● **REQUIRED ACTION**:
Word for word, restate the lines from the one containing "Блюдо LarangE Сырники со сметаной, 19,5" through the last line of the material, and include no pictures.

● **RECORDED DATA**:
:::::

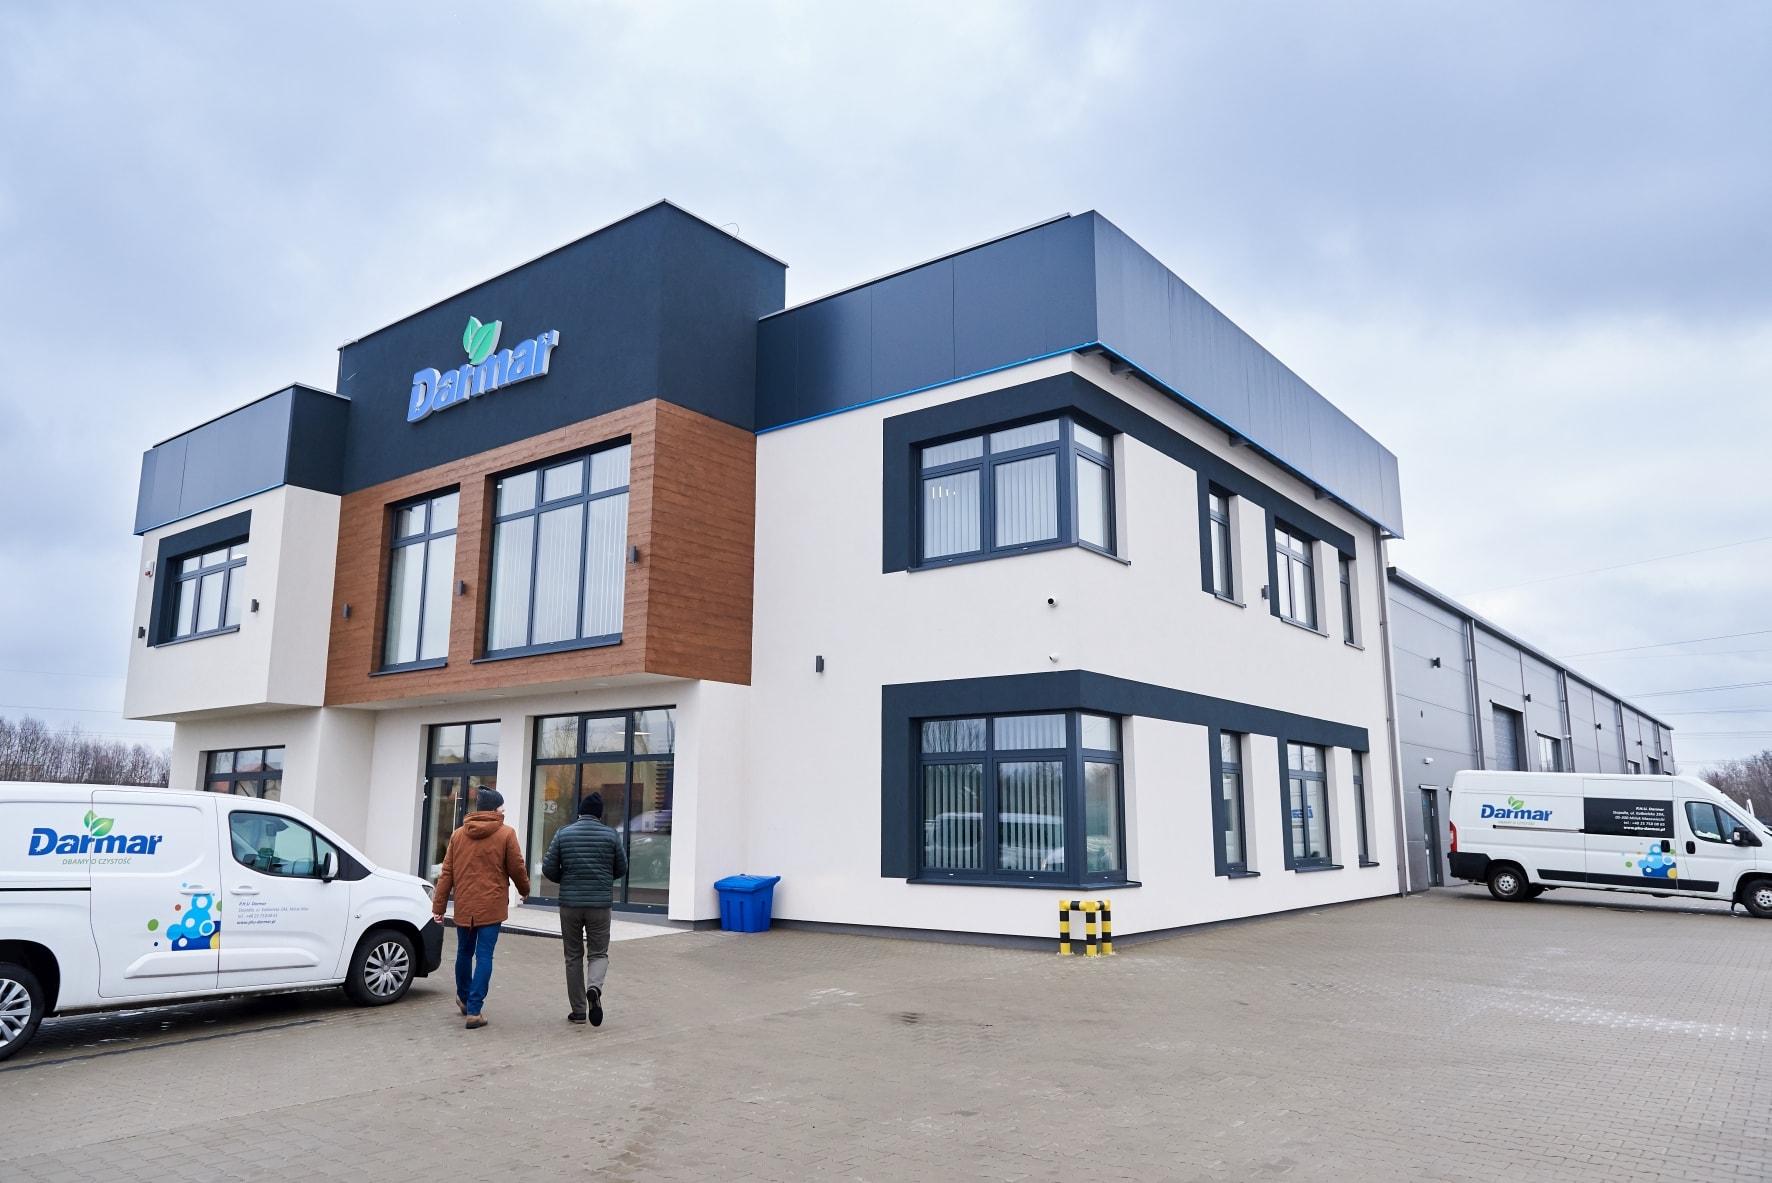 siedziba firmy darmar
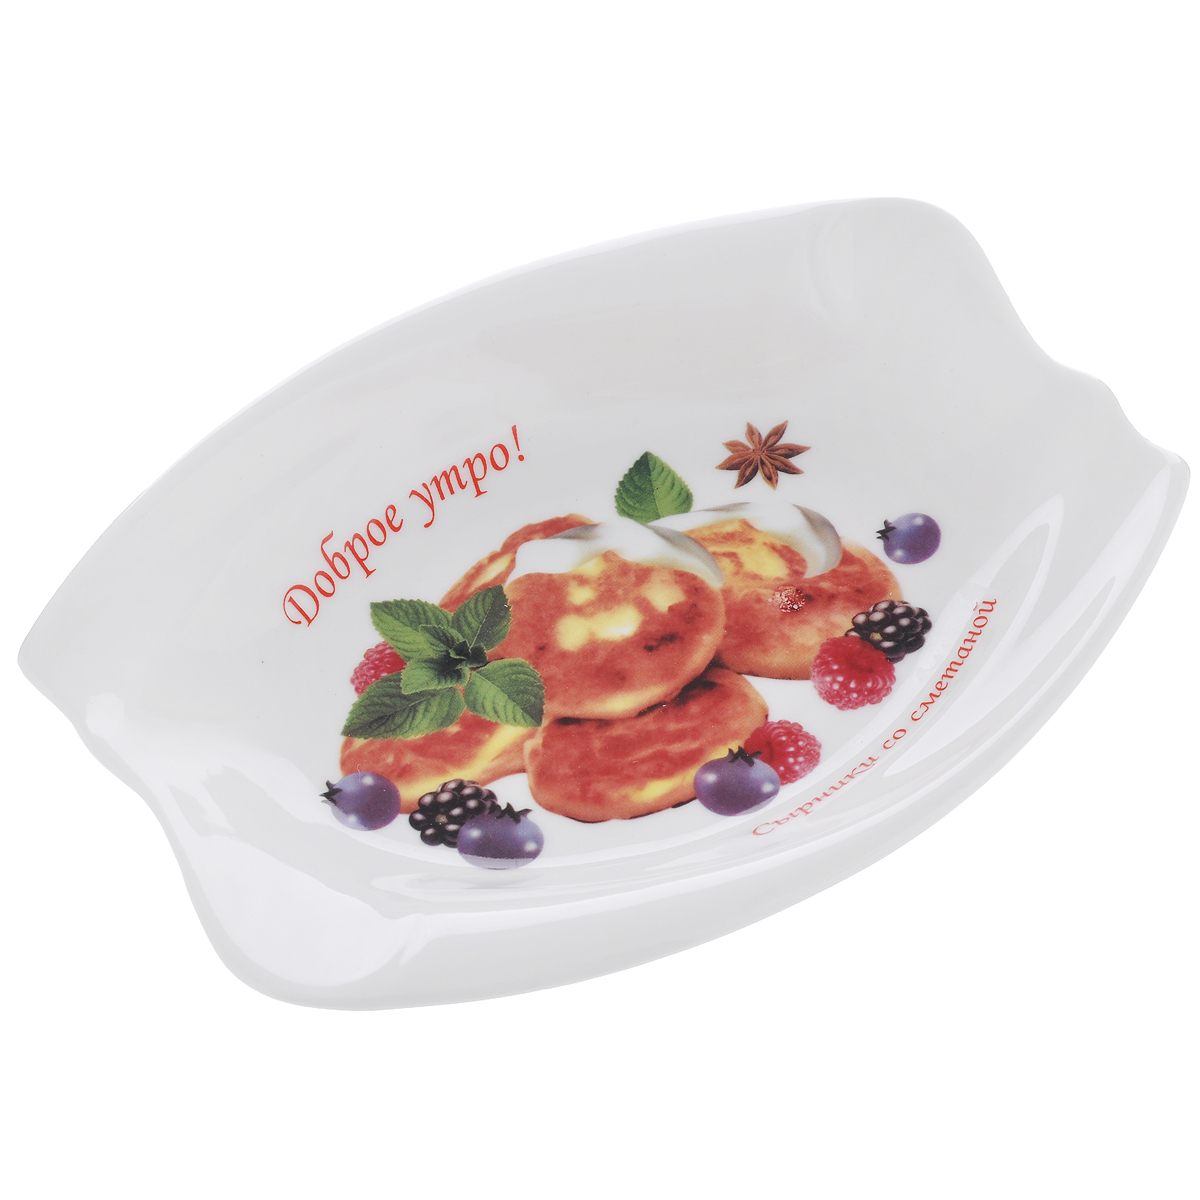 Блюдо LarangE Сырники со сметаной, 19,5 см х 14,5 см115510Блюдо LarangE Сырники со сметаной изготовлено из прочного высококачественного фарфора. Изделие украшено изображением сырников.Пусть ваше утро начинается с незабываемого завтрака!Можно использовать в СВЧ печах, духовом шкафу и холодильнике. Не применять абразивные чистящие вещества.Размер блюда: 19,5 см х 14,5 см. Высота блюда: 2,5 см.
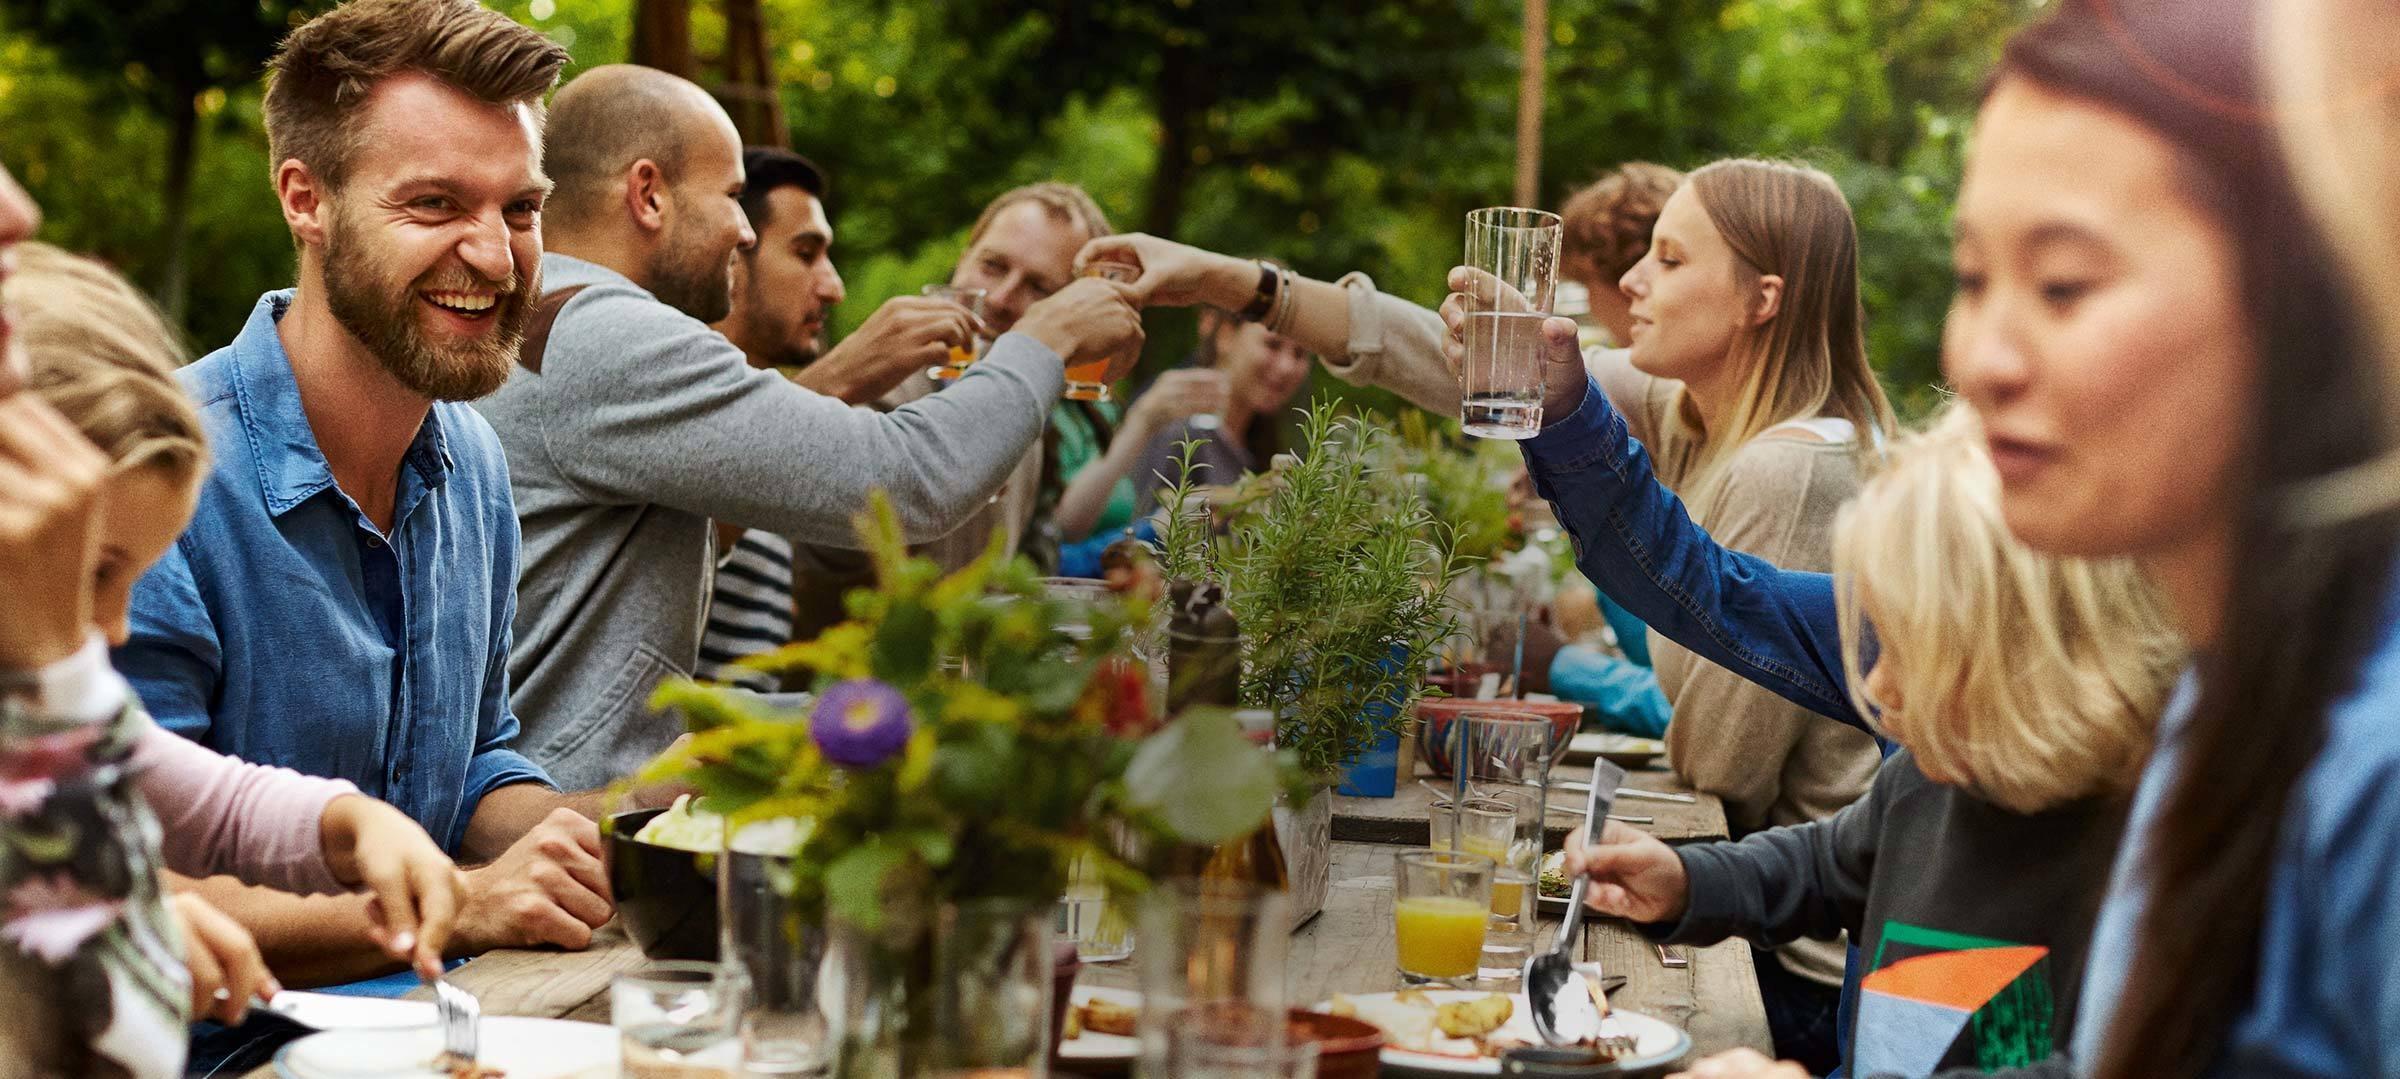 Schöne Momente mit Familie und Freunden geniessen

:::::

● **SOLUTION TO THIS PROBLEM**:
 Блюдо LarangE Сырники со сметаной, 19,5 см х 14,5 см115510Блюдо LarangE Сырники со сметаной изготовлено из прочного высококачественного фарфора. Изделие украшено изображением сырников.Пусть ваше утро начинается с незабываемого завтрака!Можно использовать в СВЧ печах, духовом шкафу и холодильнике. Не применять абразивные чистящие вещества.Размер блюда: 19,5 см х 14,5 см. Высота блюда: 2,5 см.
 Schöne Momente mit Familie und Freunden geniessen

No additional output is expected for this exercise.